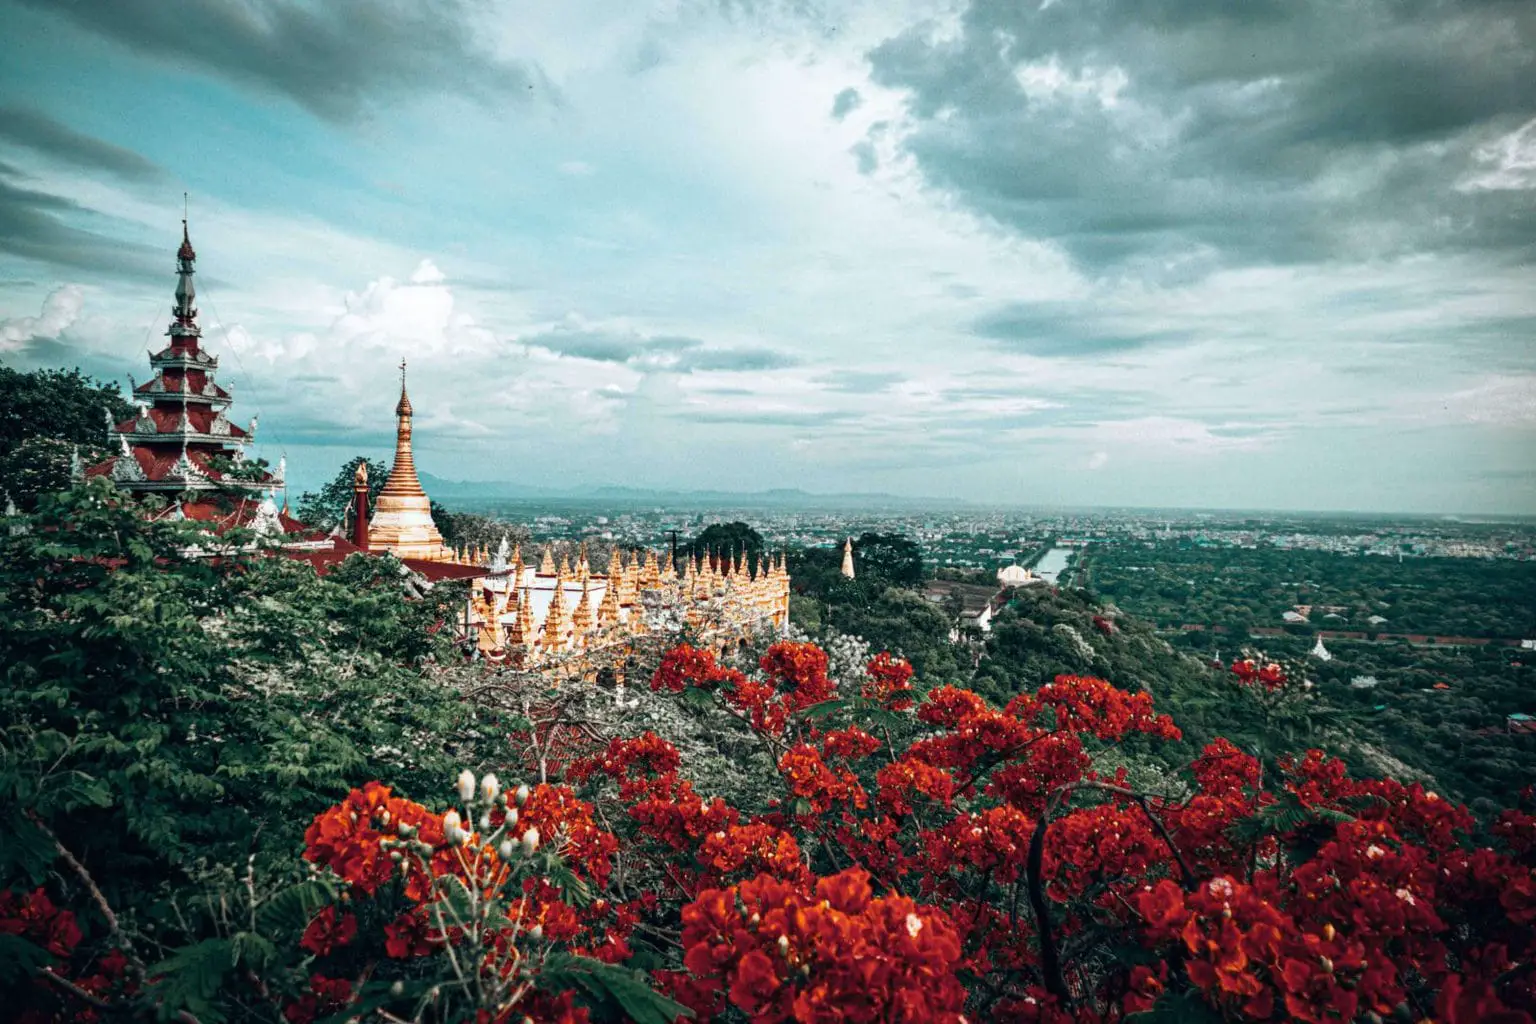 Picture of flowers and the view at Mandalay Hill in Mandalay, Myanmar
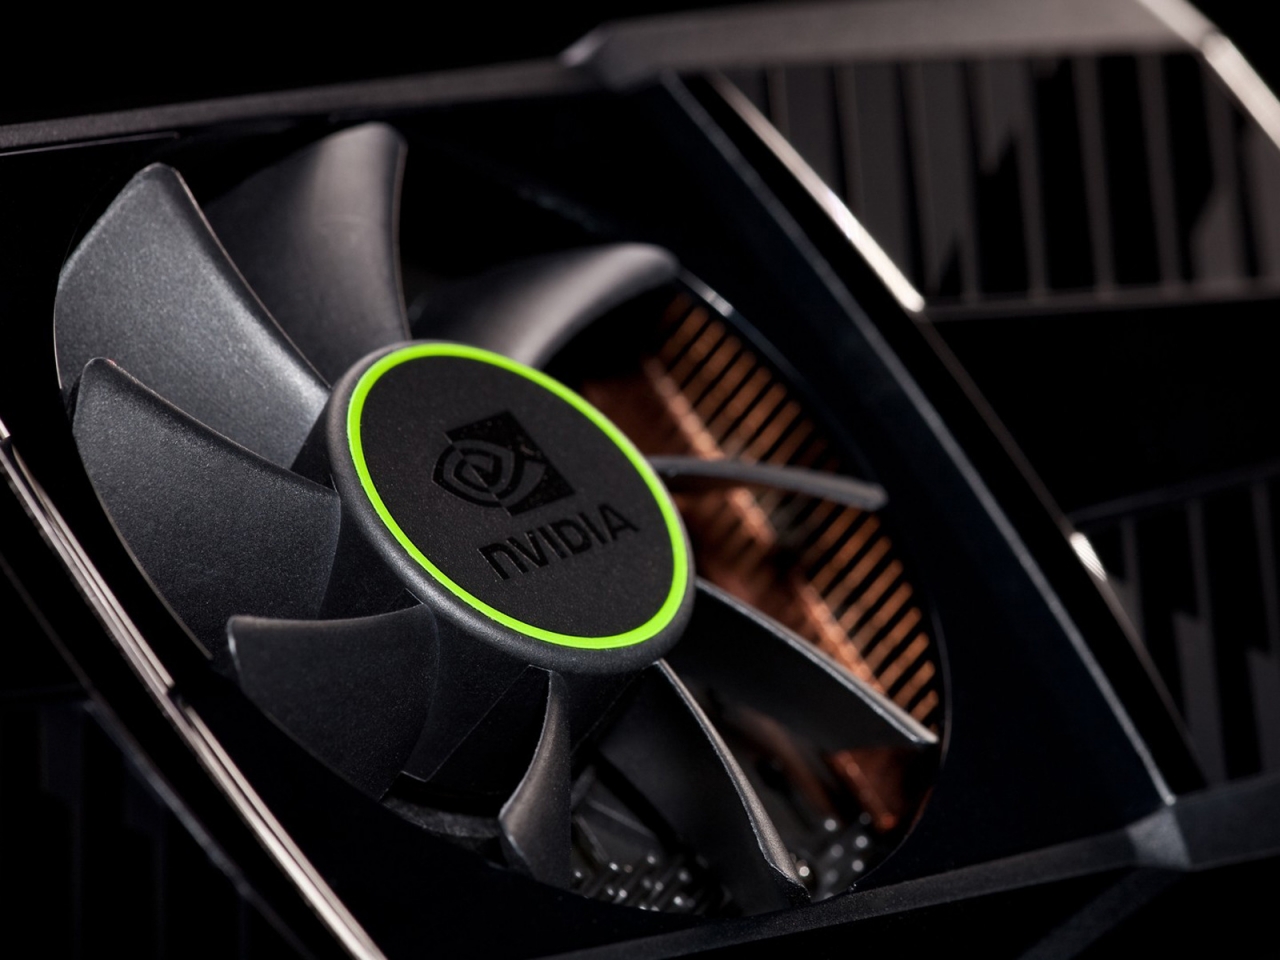 nVidia Cooler for 1280 x 960 resolution
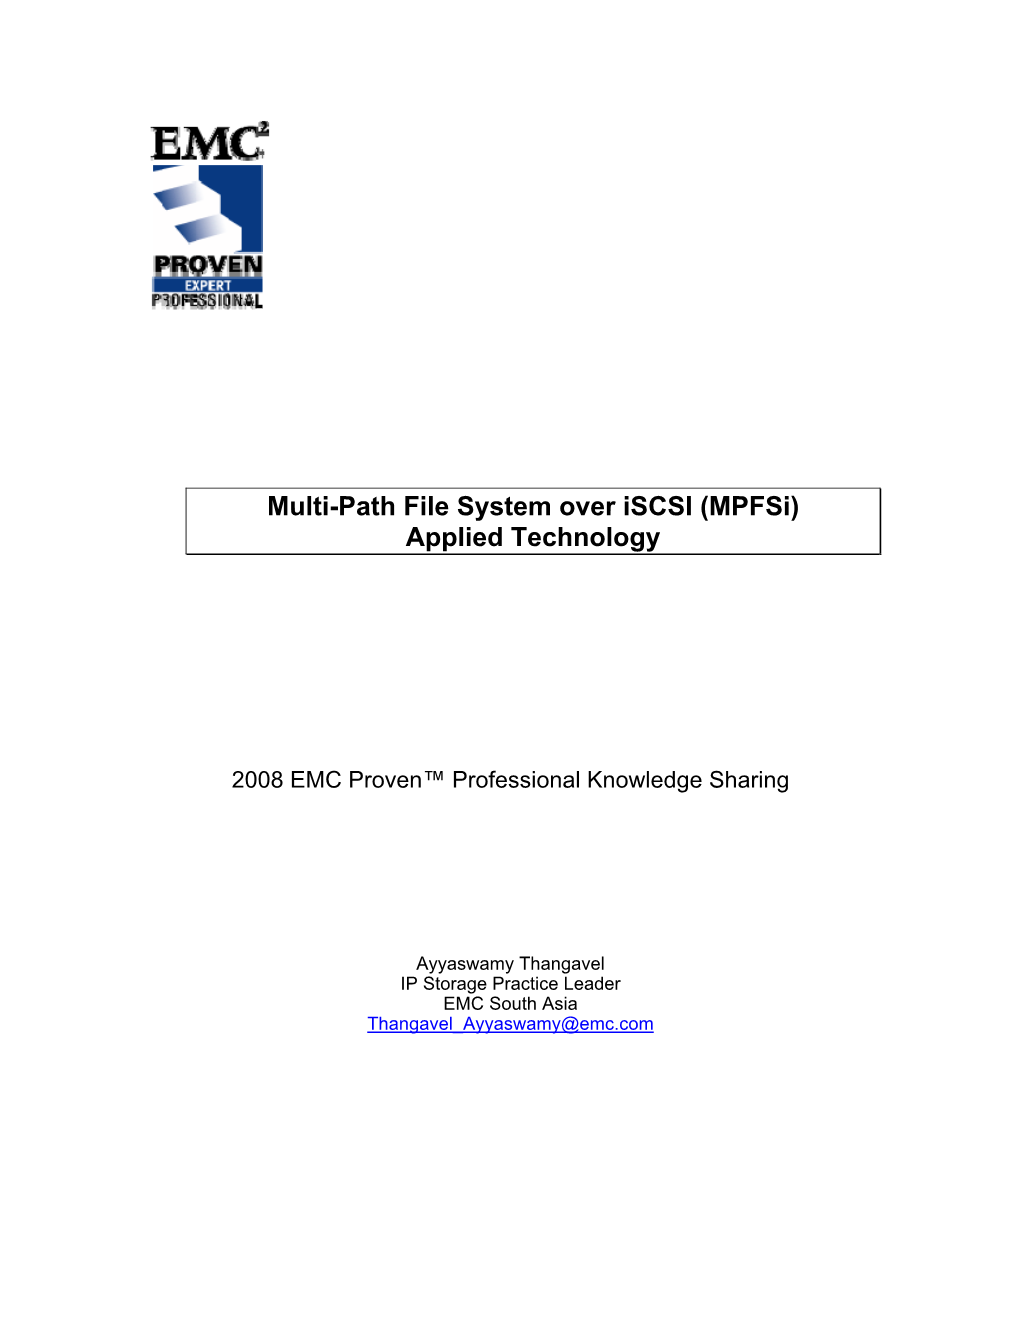 Multi-Path File System Over Iscsi (Mpfsi) Applied Technology
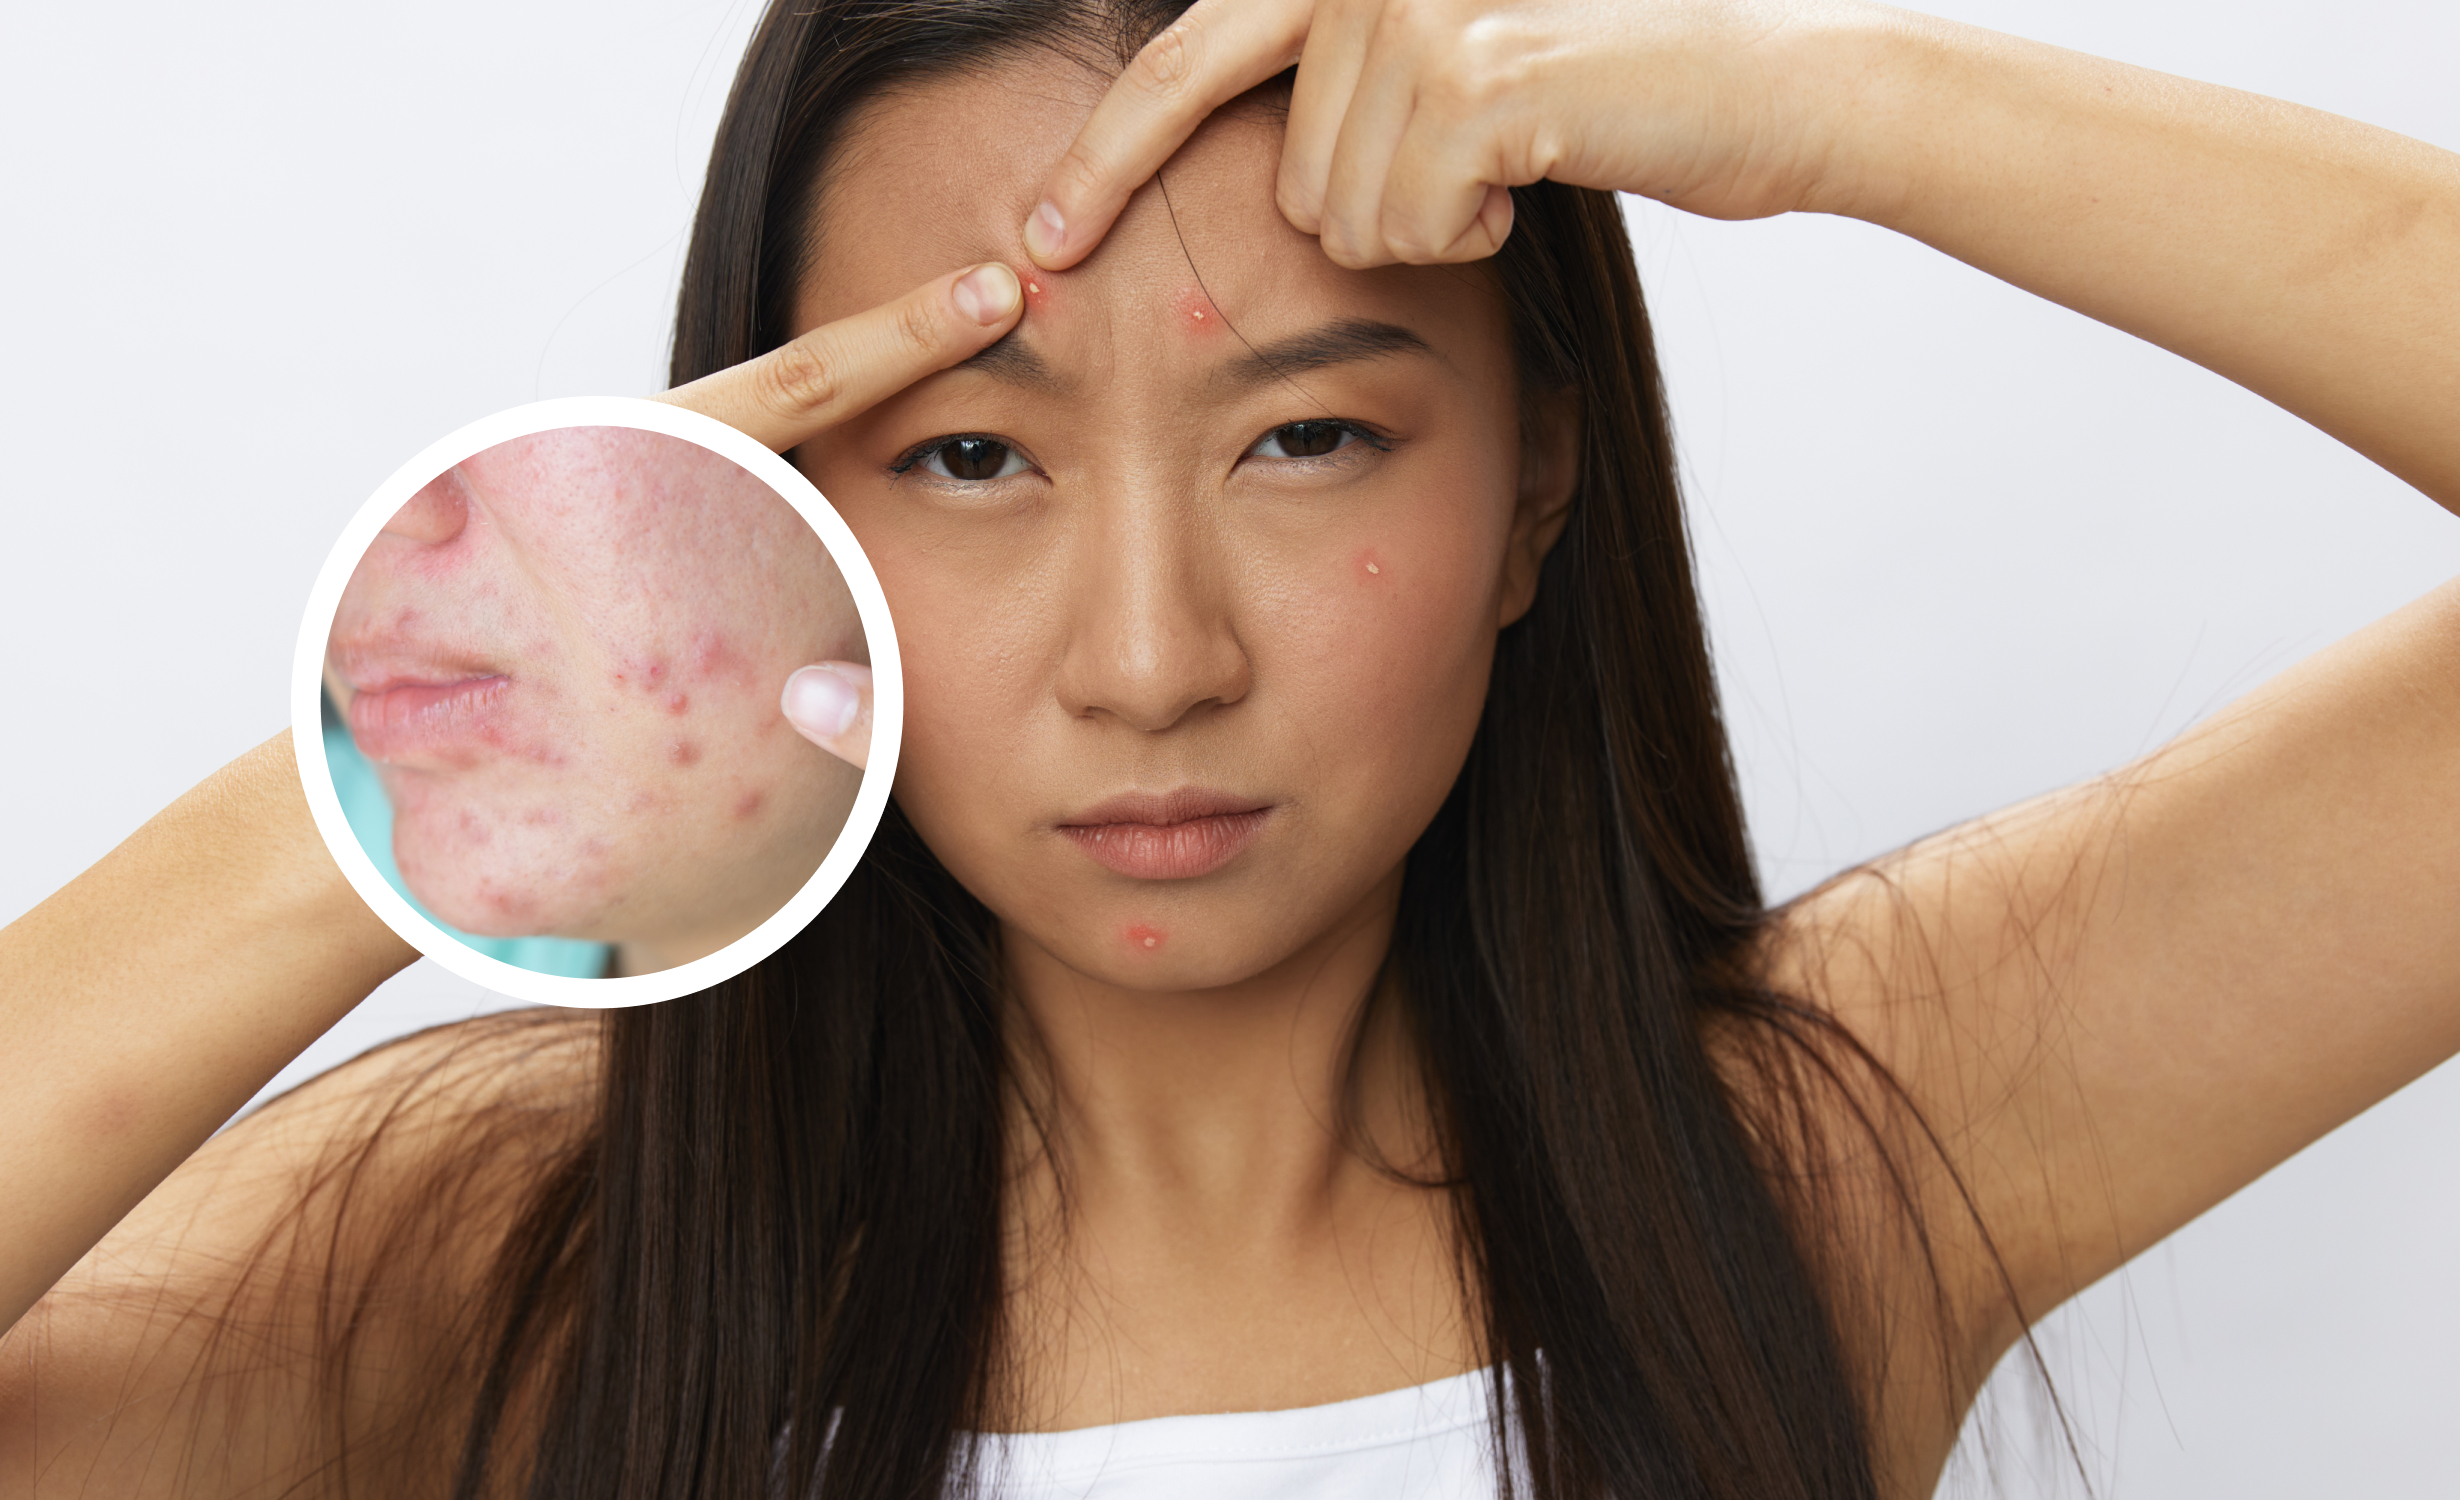 A young woman with a frustrated expression points to acne scars on her forehead. An inset magnifies a section of the skin, highlighting the acne scars and blemishes.

TASK INSTRUCTIONS. Every line of the material above should be repeated exactly, except for the pictures.

ANSWER AREA.
 Picture of flowers and the view at Mandalay Hill in Mandalay, Myanmar
 nVidia Cooler for 1280 x 960 resolution
 Multi-Path File System Over Iscsi (Mpfsi) Applied Technology
 A young woman with a frustrated expression points to acne scars on her forehead. An inset magnifies a section of the skin, highlighting the acne scars and blemishes.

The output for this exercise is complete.